====== Information given ======
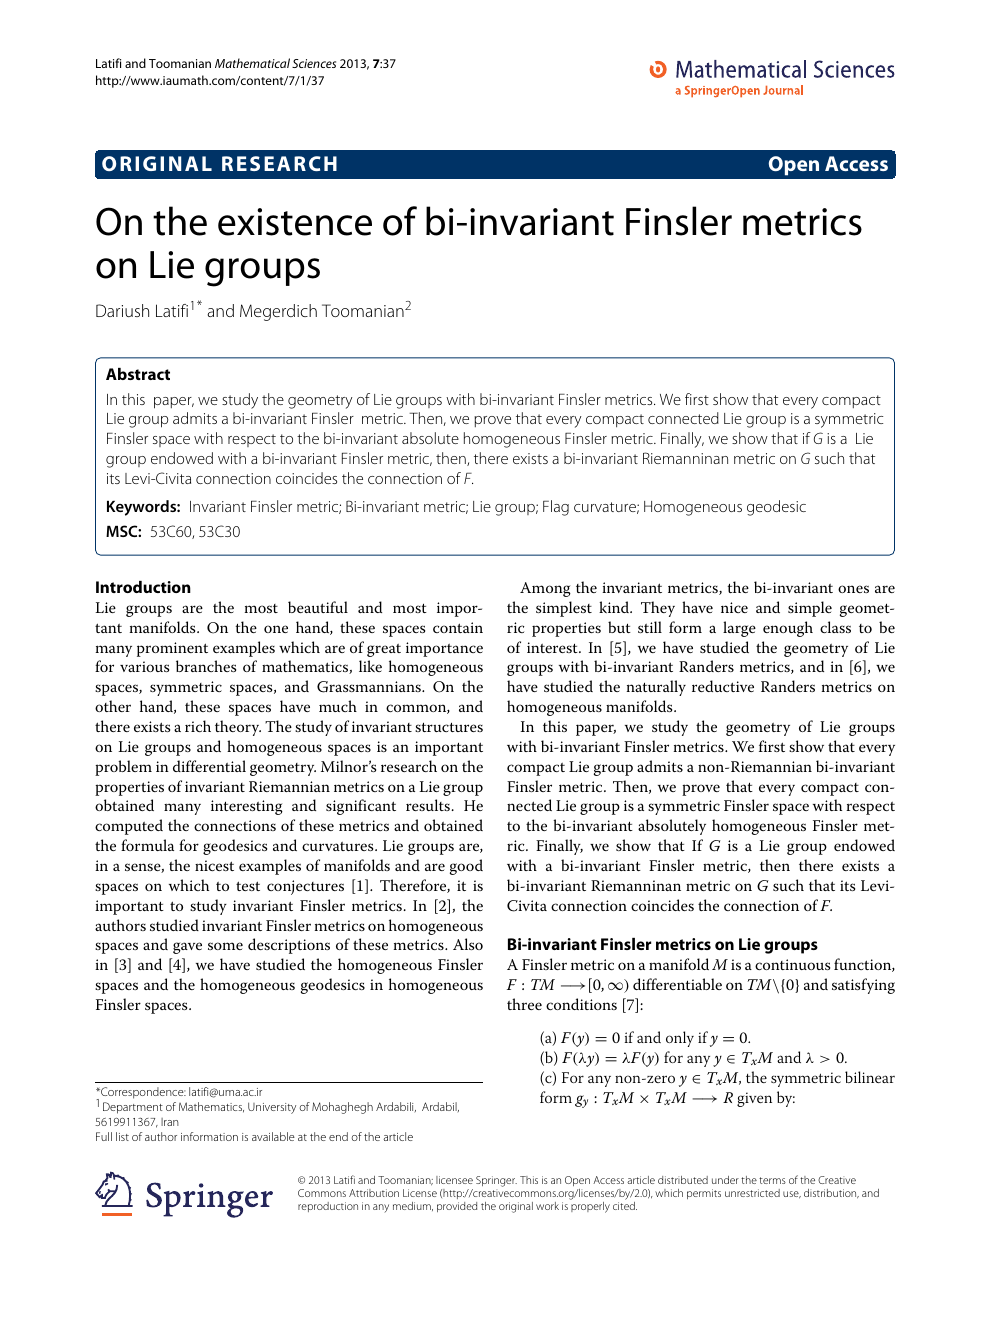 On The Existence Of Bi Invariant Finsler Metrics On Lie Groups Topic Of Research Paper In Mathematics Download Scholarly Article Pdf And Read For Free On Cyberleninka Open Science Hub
======
====== Information given ======
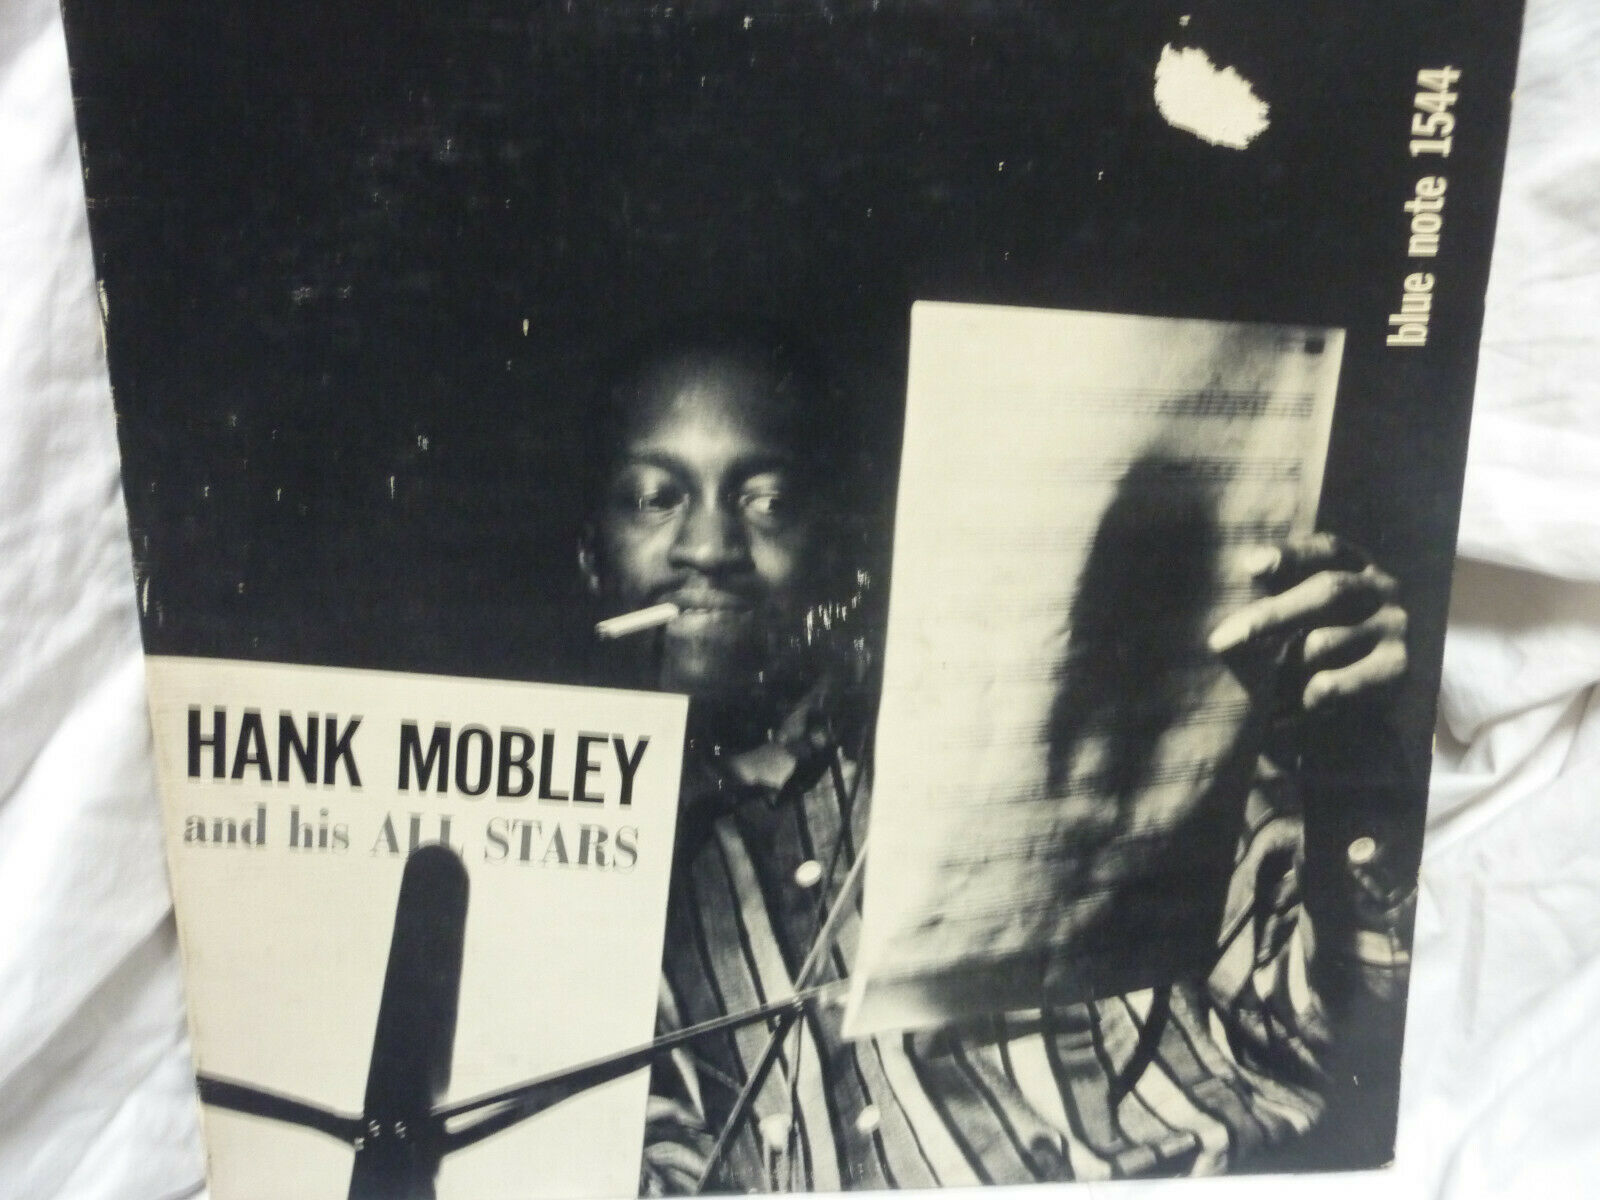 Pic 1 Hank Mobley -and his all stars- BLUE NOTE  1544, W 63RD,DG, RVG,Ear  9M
======
====== Information given ======
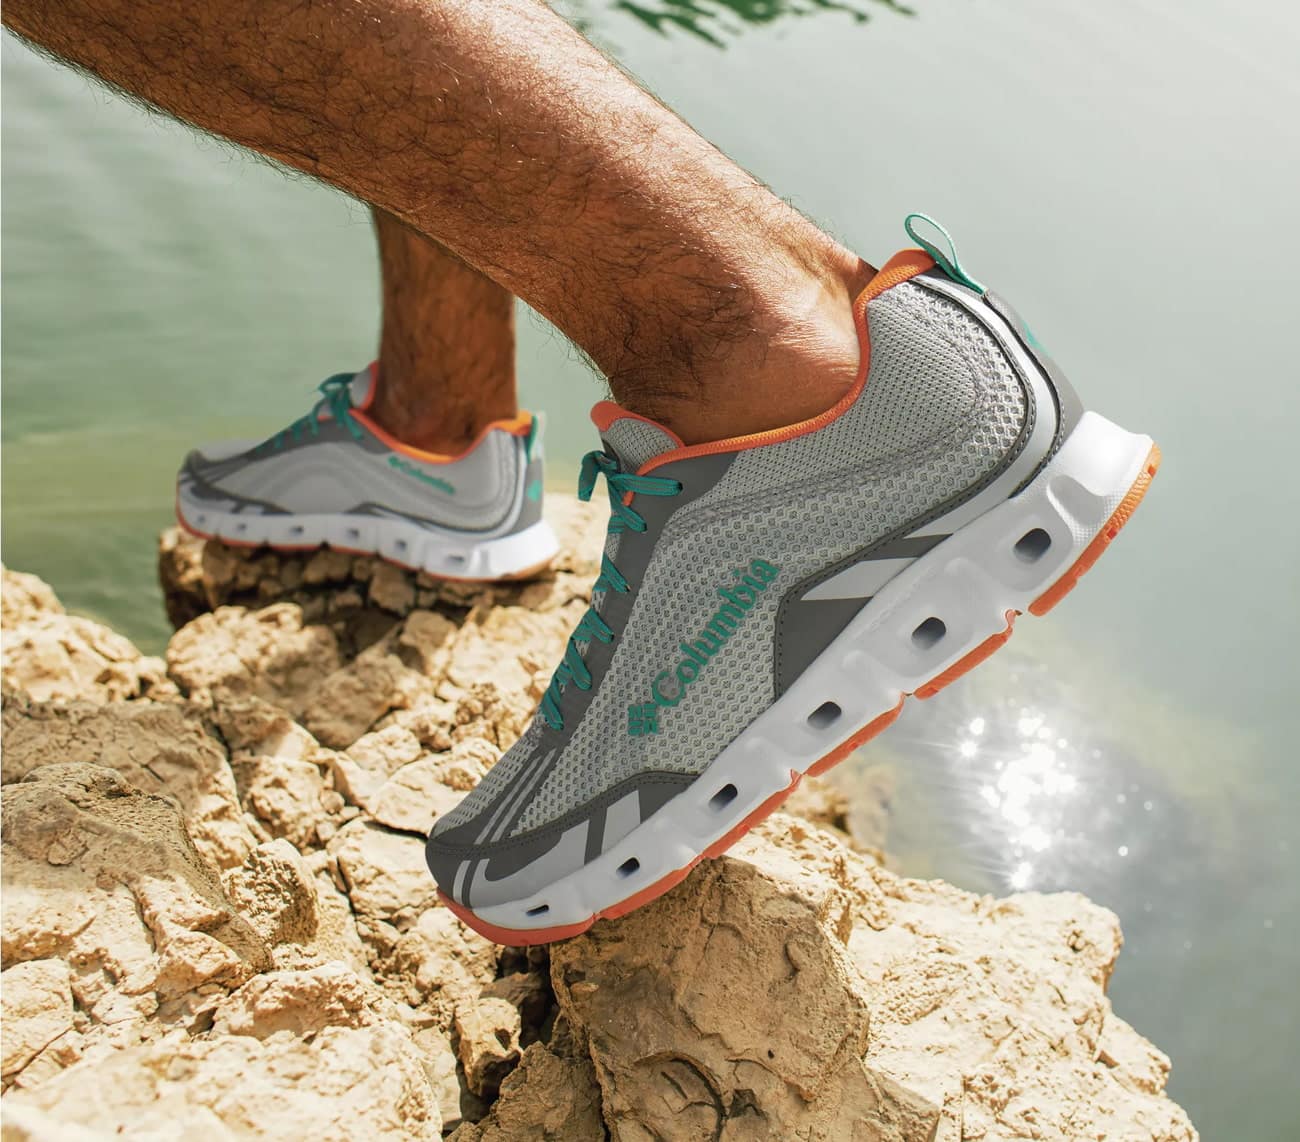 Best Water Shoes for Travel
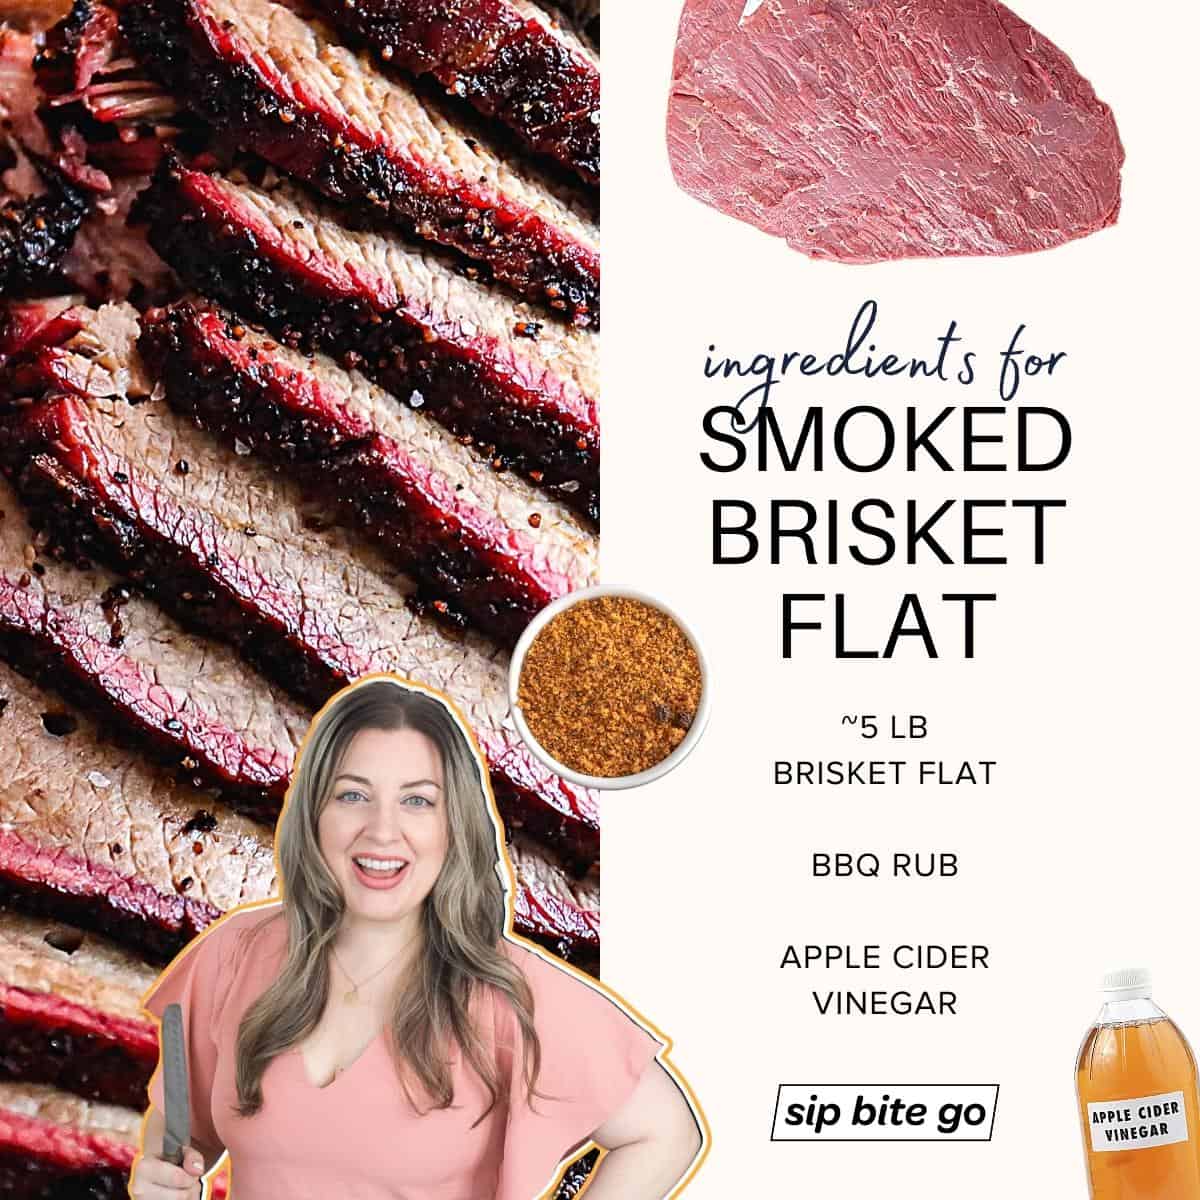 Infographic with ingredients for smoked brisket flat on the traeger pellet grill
======
= About this task =
Whatever pictures the records hold, omit them; give again exactly the lines from the one containing "Best Water Shoes for Travel" through the one containing "Infographic with ingredients".

= Exercise output =
 Best Water Shoes for Travel
 Infographic with ingredients for smoked brisket flat on the traeger pellet grill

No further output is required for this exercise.